◆ **WHAT TO DO**: Your task is to copy the lines from the line containing "Embossed CHANEL 2 9 Made in France." through the end of the listing below, both included, without any pictures.

+++

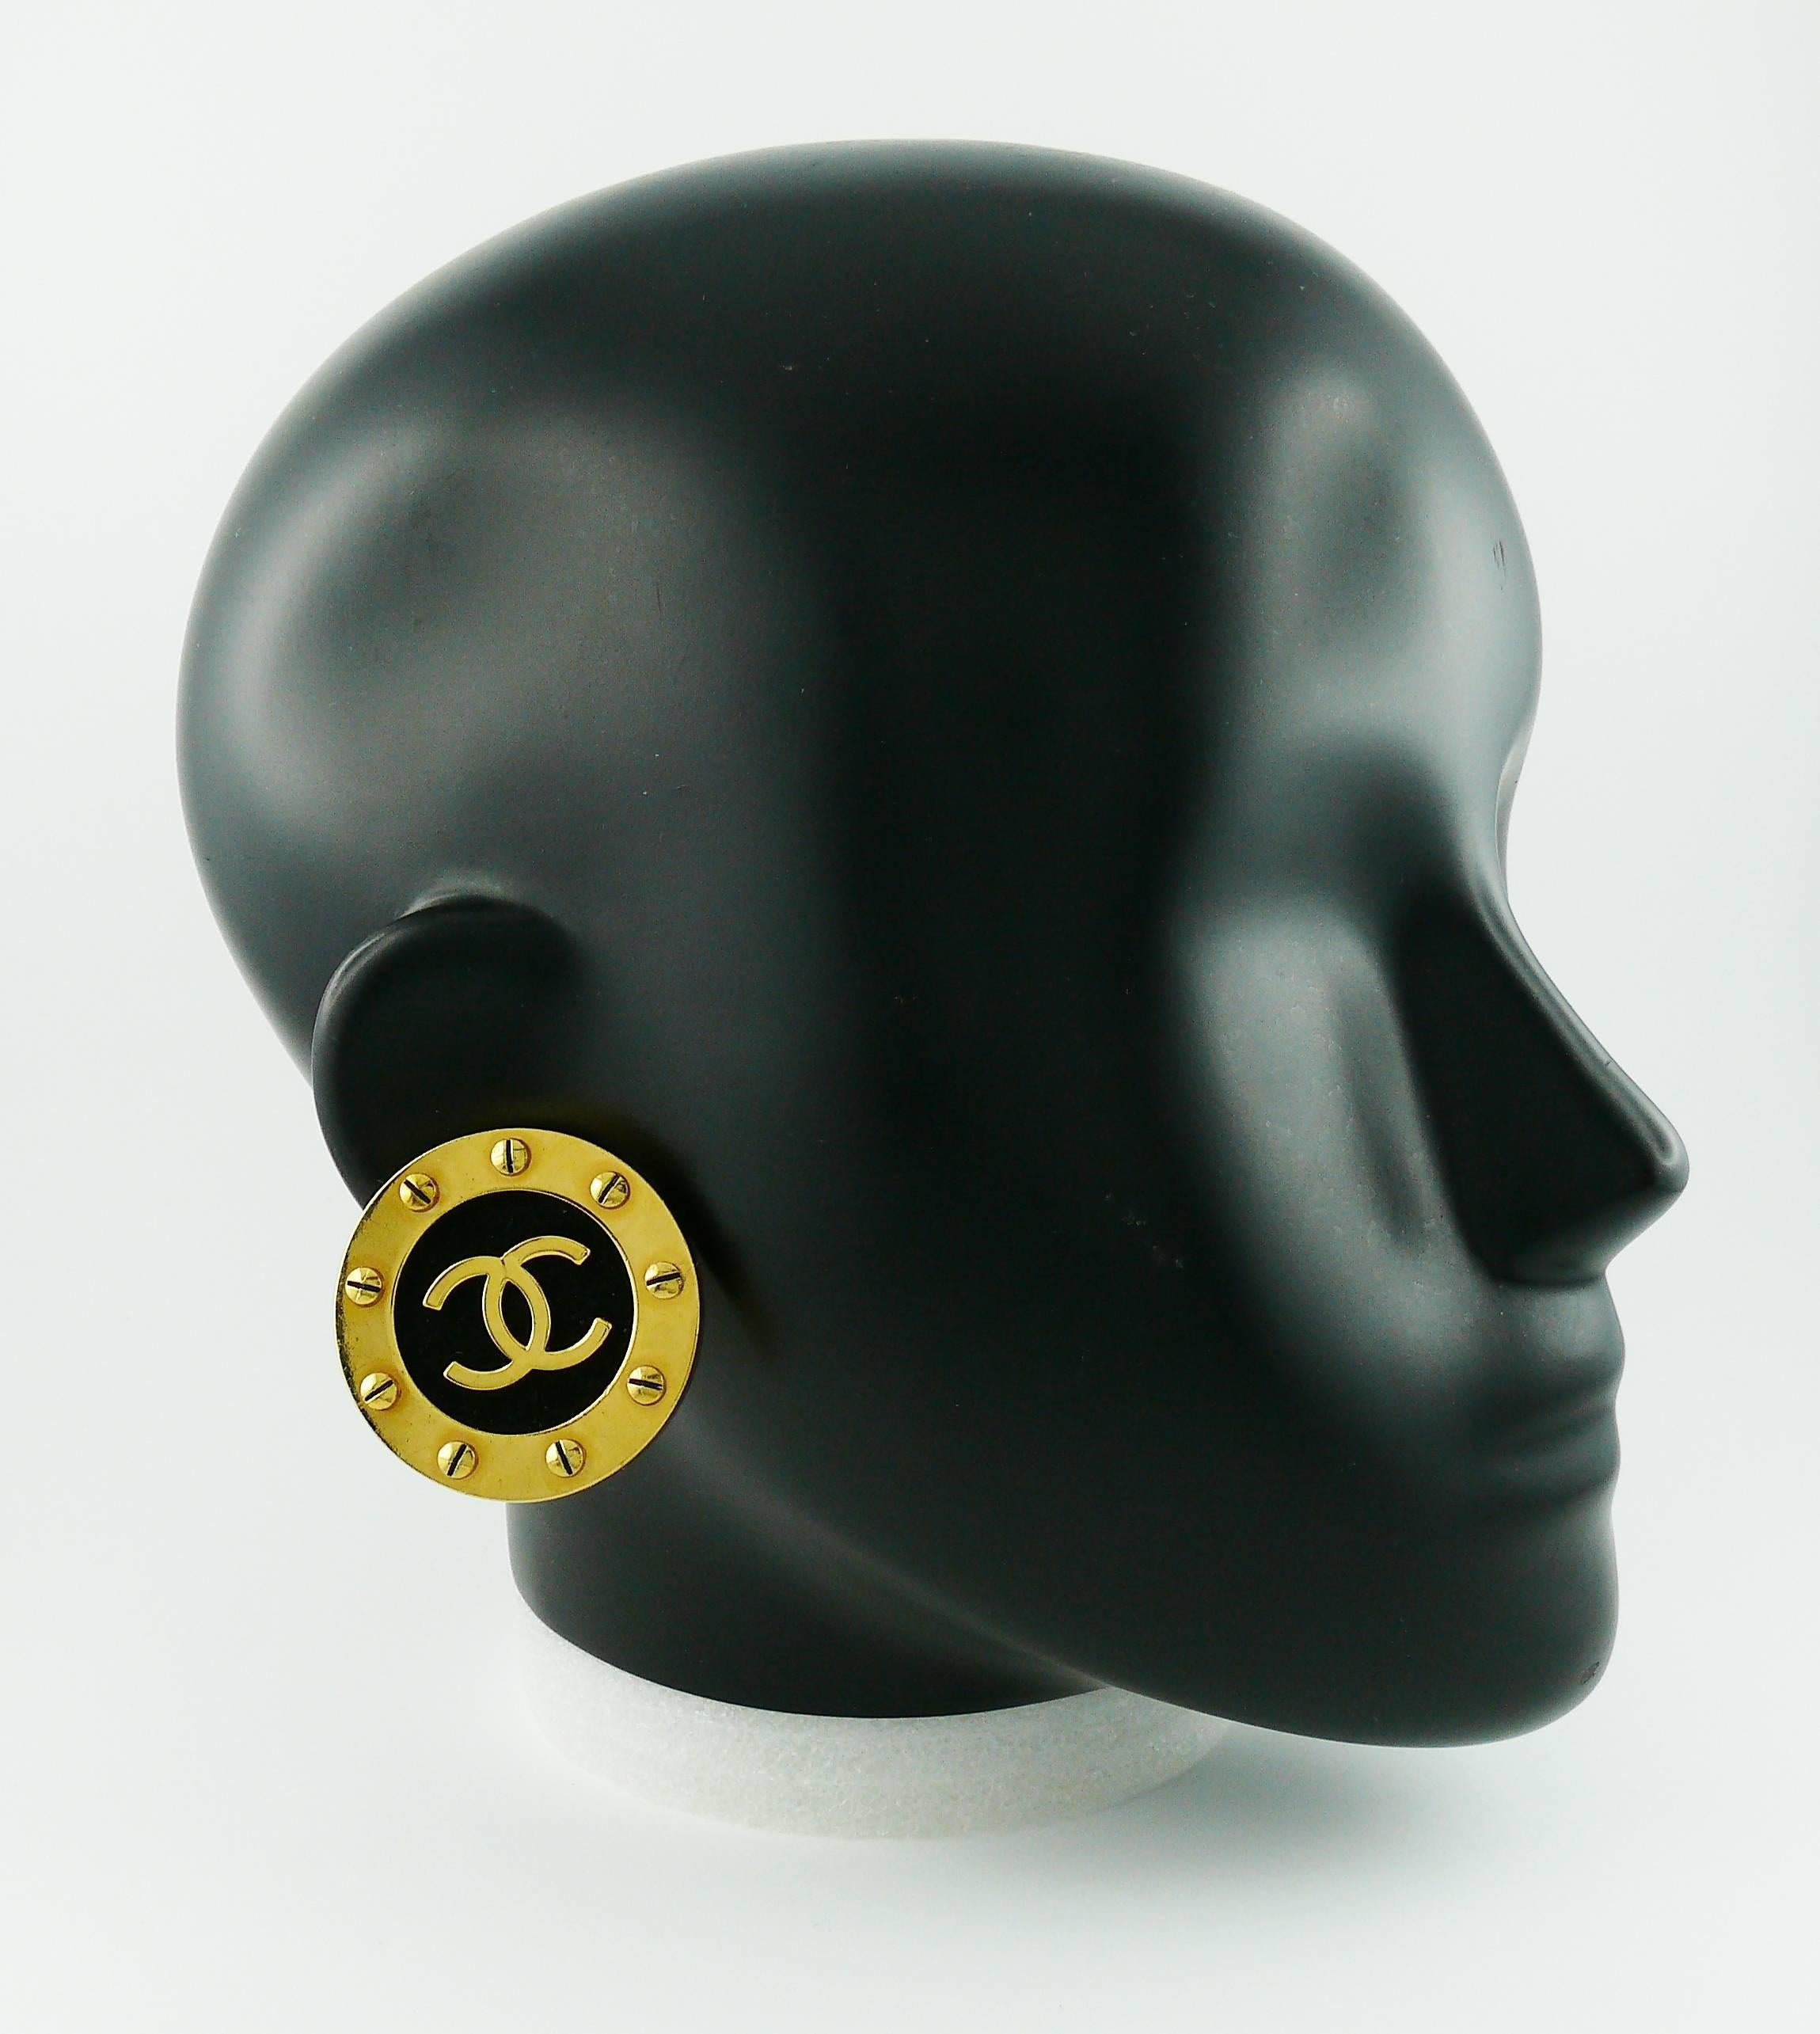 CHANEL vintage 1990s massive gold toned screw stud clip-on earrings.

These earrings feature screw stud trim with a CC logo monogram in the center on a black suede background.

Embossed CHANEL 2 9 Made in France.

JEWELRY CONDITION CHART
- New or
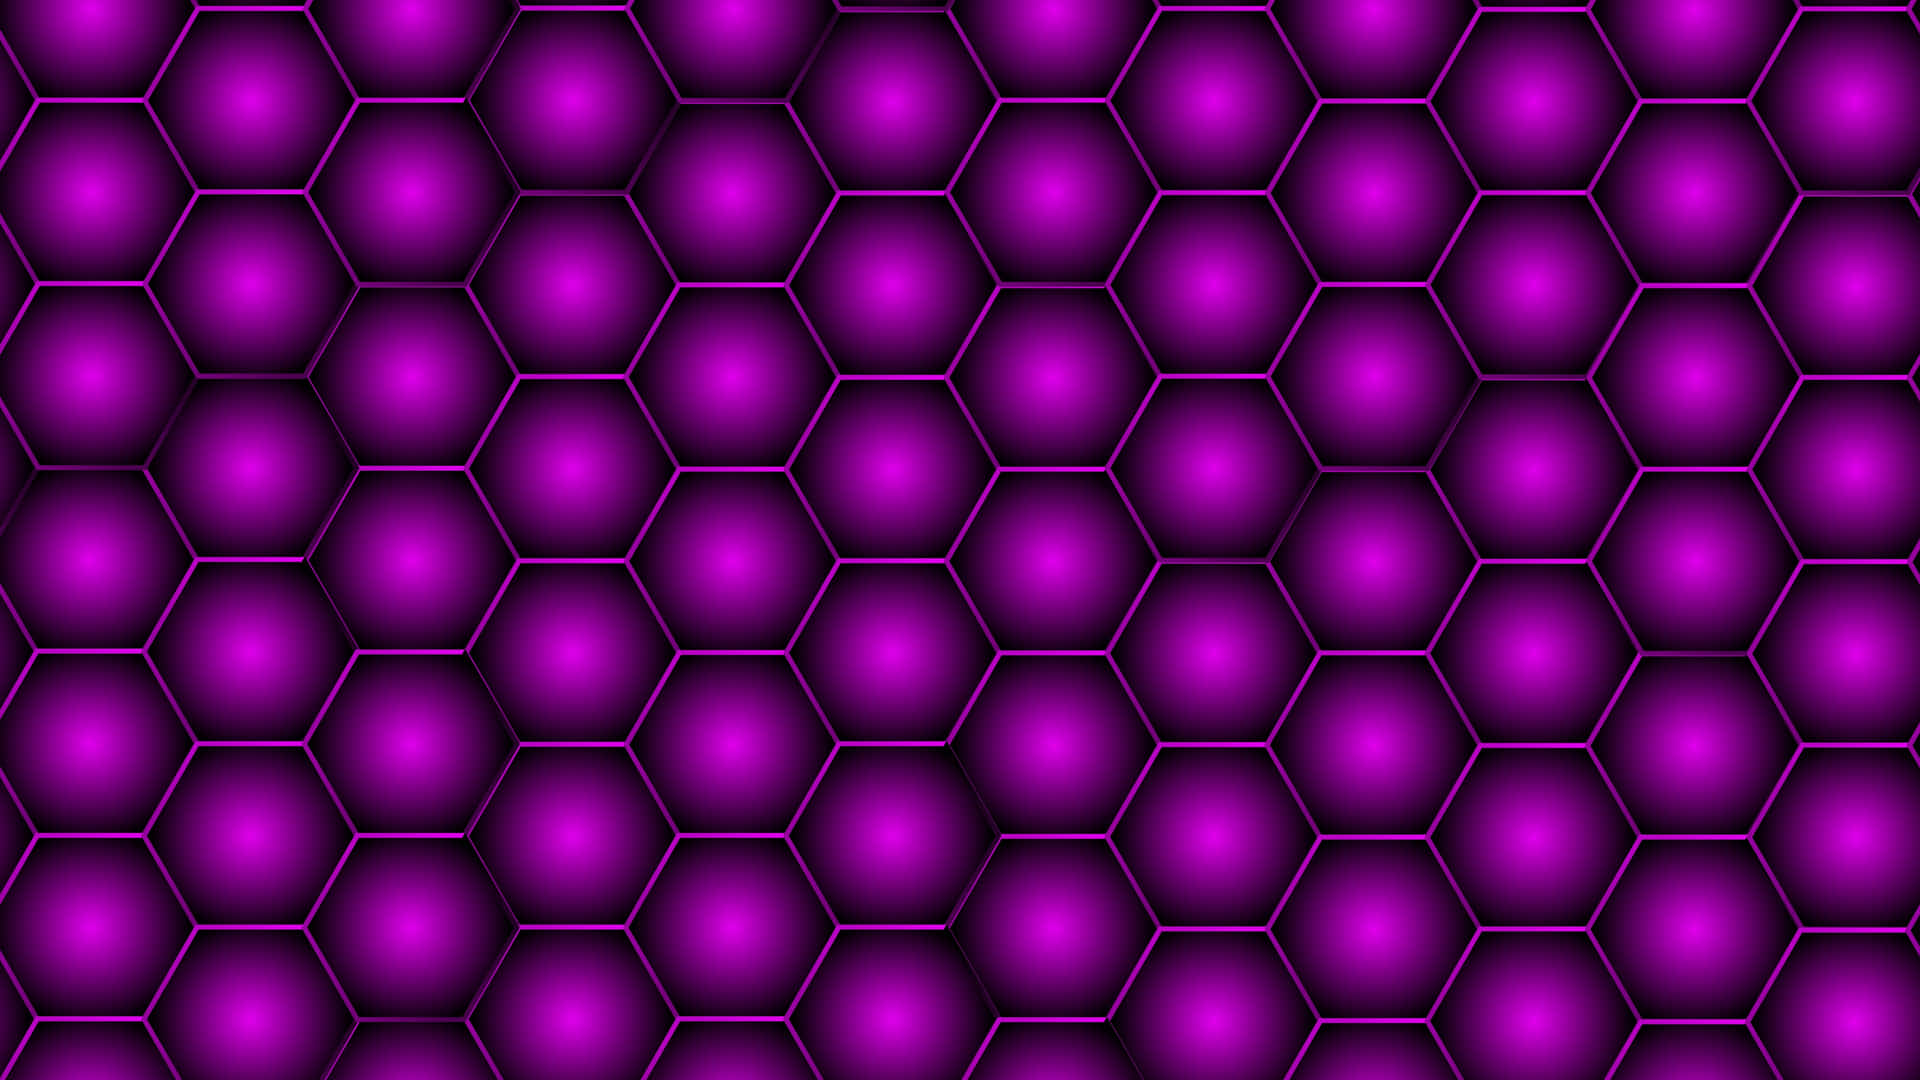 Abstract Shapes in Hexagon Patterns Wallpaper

+++

◆ **SOLUTION TO THIS EXERCISE**:
Embossed CHANEL 2 9 Made in France.

JEWELRY CONDITION CHART
- New or
 Abstract Shapes in Hexagon Patterns Wallpaper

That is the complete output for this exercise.